On July 18, 2013, a freight train derailed near the Spuyten Duyvil station due to an excessively wide gauge at one point. No one was killed or injured. Less than six months later, on December 1, a commuter train derailment near the Spuyten Duyvil station resulted in 4 deaths and over 70 injuries, 11 of them critical. The cause of the second derailment was determined to be excessive speed.

==Demographics==
Based on data from the 2010 United States census, the population of Kingsbridge and Spuyten Duyvil was 30,161, a change of 289 (1%) from the 29,872 counted in 2000. Covering an area of 540.92 acres, the neighborhood had a population density of 55.8 PD/acre.

The racial makeup of the neighborhoods were 49.3% (14,872) White, 8.9% (2,691) African American, 0.1% (40) Native American, 5.7% (1,731) Asian, 0% (15) Pacific Islander, 0.3% (98) from other races, and 1.7% (510) from two or more races. Hispanic or Latino of any race were 33.8% (10,204) of the population.

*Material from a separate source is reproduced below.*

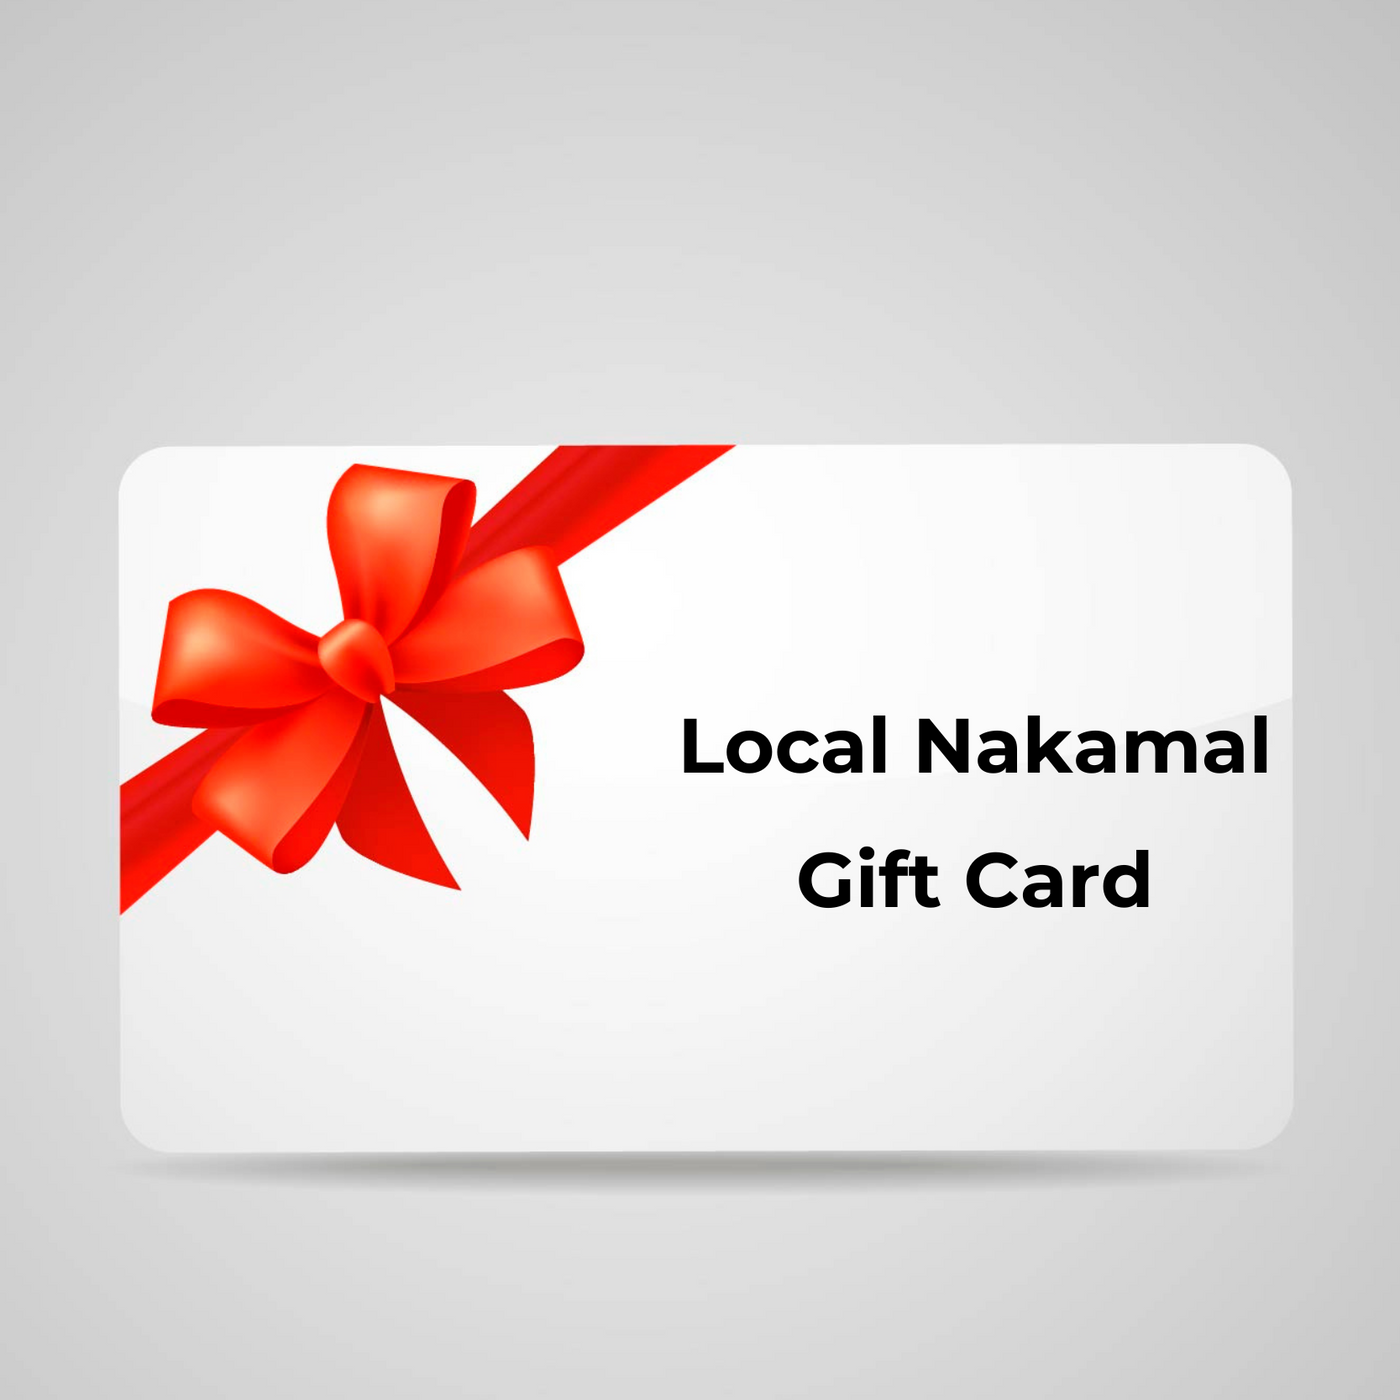 Local Nakamal Gift Card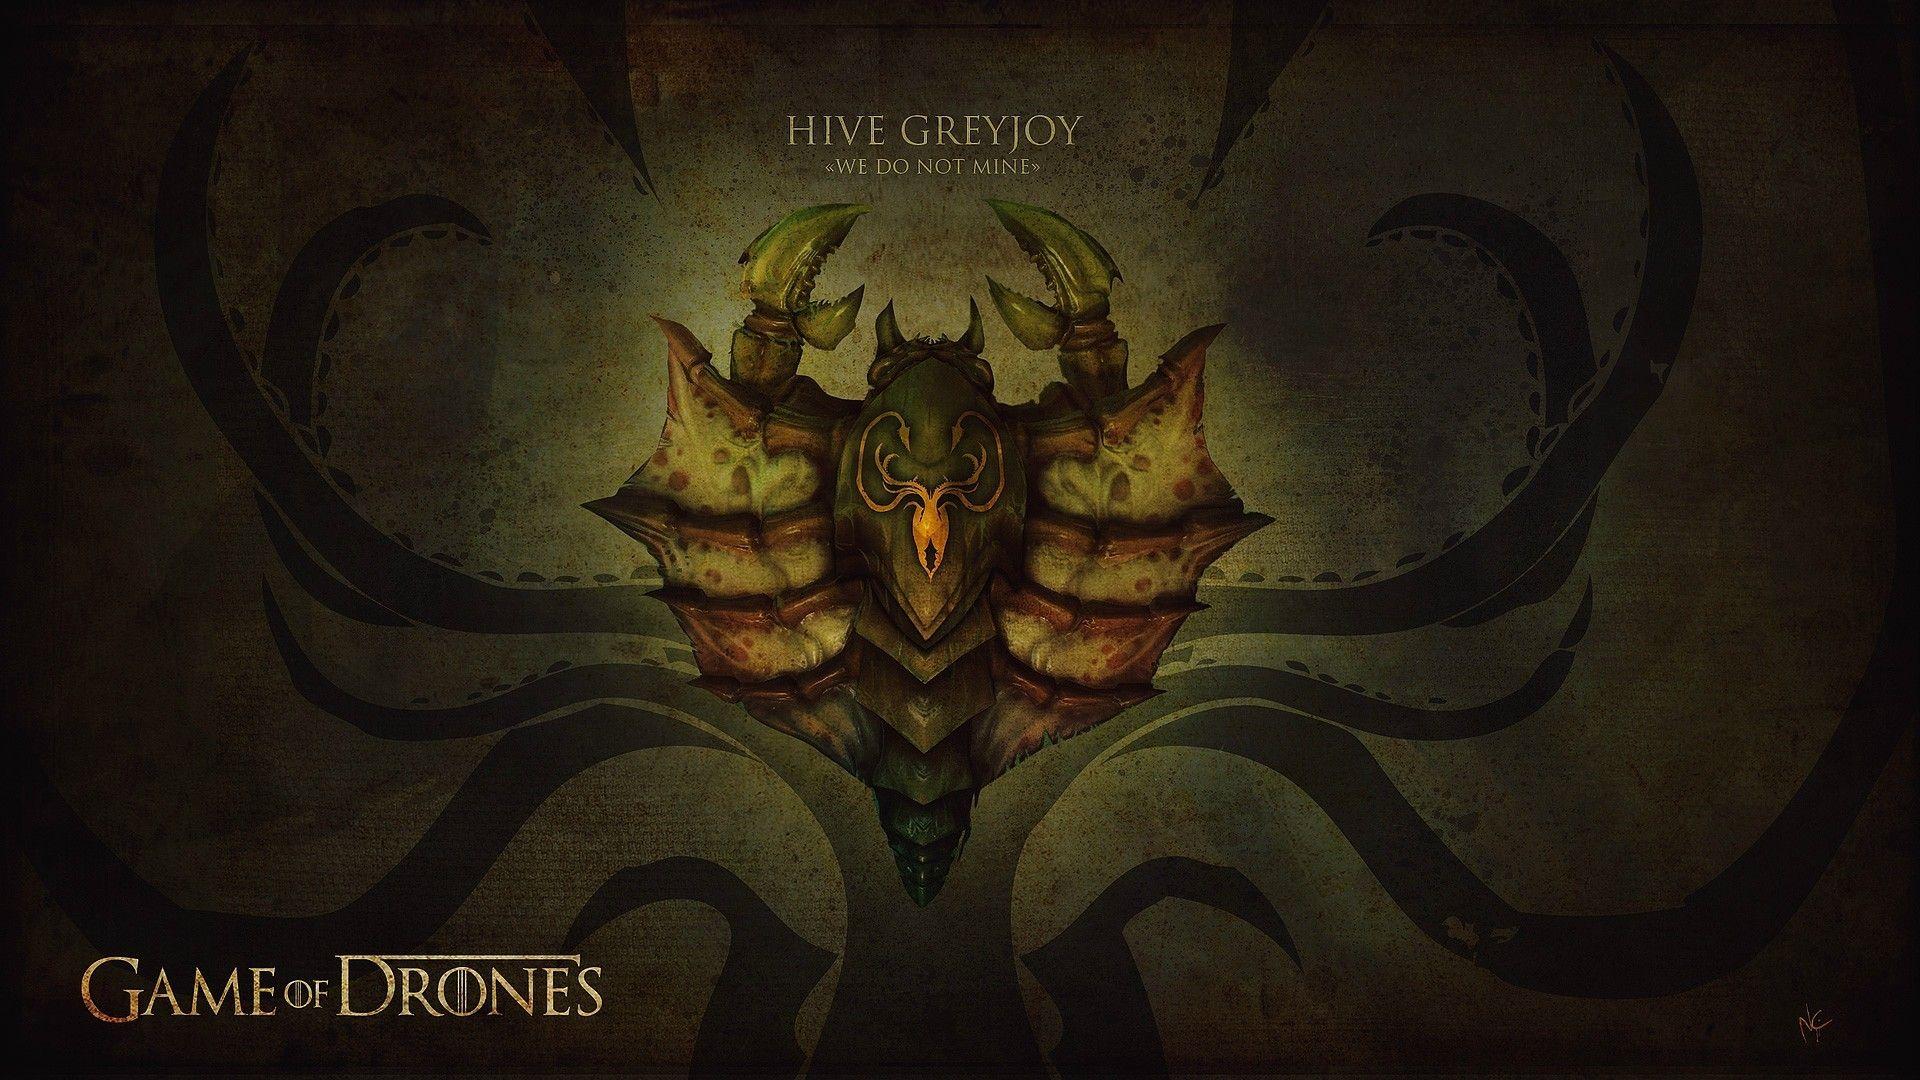 Game of Thrones  4k Wallpaper  House Greyjoy by AKSensei on DeviantArt

A restaurant guide once described the neighborhood as "upper middle class".

==Police and crime==
Spuyten Duyvil is patrolled by the 50th Precinct of the NYPD, located at 3450 Kingsbridge Avenue. The 50th Precinct ranked 13th safest out of 69 patrol areas for per-capita crime in 2010.

The 50th Precinct has a lower crime rate than in the 1990s, with crimes across all categories having decreased by 69.9% between 1990 and 2022. The precinct reported three murders, 22 rapes, 185 robberies, 213 felony assaults, 126 burglaries, 695 grand larcenies, and 288 grand larcenies auto in 2022.

==Library==
The New York Public Library (NYPL) operates the Spuyten Duyvil branch at 650 West 235th Street. The one-story branch opened in 1971 and was designed by Giorgio Cavaglieri.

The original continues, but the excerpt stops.